Fig. 11.1
Illustration of the scapular muscle detachment injury to both the rhomboid major and lower trapezius muscles
Fig. 11.2
(a) Mobilization of the infraspinatus away from the medial border of the scapula prior to drill hole placement. (b) Pairs of drill holes being placed in the medial scapular border and spine of the scapula
Fig. 11.3
(a) Illustration of the reattachment of the rhomboid major. (b) Illustration of the reattachment of the lower trapezius
Fig. 11.4
(a, b) A comparative illustration of the presurgical injury (a) to the postsurgical repair (b)
Postoperatively, the arm is protected in neutral rotation for 4 weeks, but gentle scapular retraction is encouraged immediately. During this period of recovery, common tasks such as mobile device use, driving, and other repetitive arm tasks with either the surgical or nonsurgical arm can create pain and muscle spasm due to “crosstalk” between the contralateral scapular muscles. In addition, the typical deconditioning/atrophy seen with postsurgical immobilization allows for easy arm fatigue, increasing the pain and spasm. Therefore, patients are instructed to not perform these tasks until after the sling has been removed about 3–4 weeks following surgery. At 4 weeks, closed chain activation up to 90° abduction with the hand stabilized is started. By 6–8 weeks, as the repair has healed and early strength is gained, motion over 90° is allowed, and the patient is started on the standard scapular strengthening program. Maximum strength is not regained for about 6–9 months, probably reflecting the chronic muscle disuse and atrophy.
Postsurgical Outcomes
In the original report describing the outcomes of surgical treatment in a large group with long-term follow-up, the entire group did well, achieving significant improvements in pain and function [11]. At discharge from active care, the ASES pain scores improved from 18/50 to 35/50, function scores improved from 20/50 to 28/50, and total ASES scores improved from 38/100 to 62/100 (p < 0.001). These results were maintained at minimum of 2-year follow-up. While the entire group did well, there was variation in the patient-reported outcomes. To look closely at the outcome variation, a subsequent evaluation subclassified the group based on achieving minimal detectable change for the total ASES score (>10 points) [13]. Fifty-eight of 78 patients (74%) did report greater than 10-point change and were considered significantly clinically improved. Twenty of 78 patients (26%) did not achieve at least a 10-point change on the ASES and were considered not significantly improved (Table 11.1).
Table 11.1
American Shoulder and Elbow Surgeons (ASES) scores between responders and nonresponders to scapular muscle reattachment surgery
Responders (n = 58) | Nonresponders (n = 20) | |
---|---|---|
Presurgery | ||
ASES pain | 16 ± 11 | 27 ± 12* |
ASES function | 18 ± 11 | 24 ± 9 |
ASES total | 34 ± 16 | 50 ± 12* |
Post-surgery | ||
ASES pain | 38 ± 10* | 26 ± 12 |
ASES function | 31 ± 11* | 21 ± 10 |
ASES total | 69 ± 18* | 42 ± 16 |
Change from presurgery | 35 ± 18* | −8 ± 14 |
There may be several factors that contributed to this difference in patient-reported outcome in this group whose diagnosis, inclusion criteria, and surgical treatment are so homogenous. Among them are altered functional demands in the postoperative and return to activity phases, differences in implementation and completion of rehabilitation in the widely geographically dispersed group, chronicity of the injury with its effects on muscle strength and activation, and patient expectations and perceptions of the clinical problem and its effects on function.
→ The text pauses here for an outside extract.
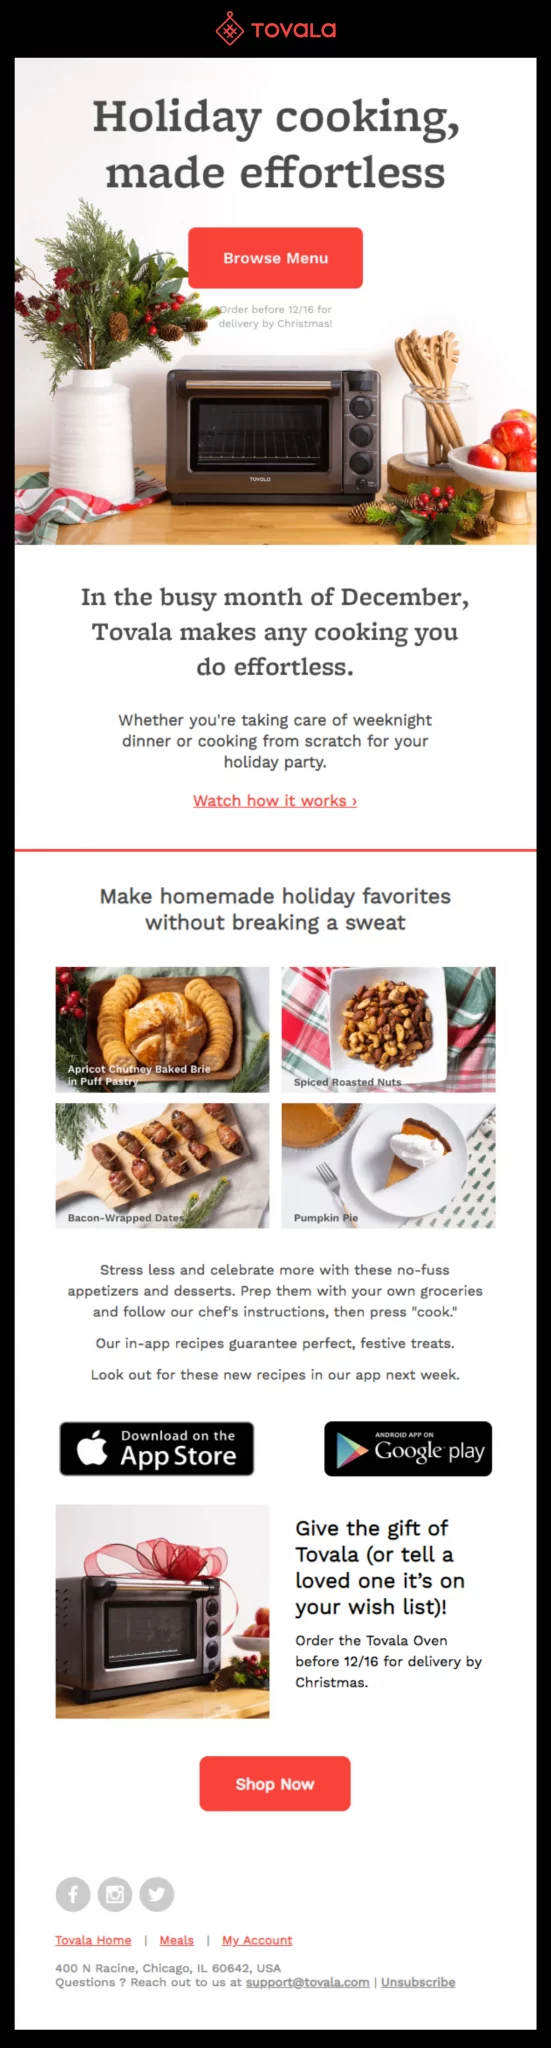 Tovala email newsletter tabletop smart Wi-Fi connected oven flower vases glass jar and apples on a platter different holiday favourite desserts pumpkin pie bacon wrapped dates spice roasted nuts baked brie puff pastry

One major patient-oriented effect that can impact reported outcomes is perception of pain. This factor has been noted following other types of shoulder procedures [14–18]. A pilot study assessed pain perception for a group of 31 postoperative patients with the #Pain Catastrophizing Scale (PCS) [19]. This 13-item self-reported scale estimates the patient’s attitude toward the effect of pain on their function in their daily lives, which has a maximum scope of 65 (lower score = less pain catastrophizing characteristics). Twenty-one patients were classified as non-catastrophizers (PCS scores <30), while ten patients were classified as catastrophizers (PCS scores ≥30) meaning that they were prospectively and constantly aware of pain which they perceived would negatively impact their function. This patient-perceived effect was shown to impact reported outcome in several ways.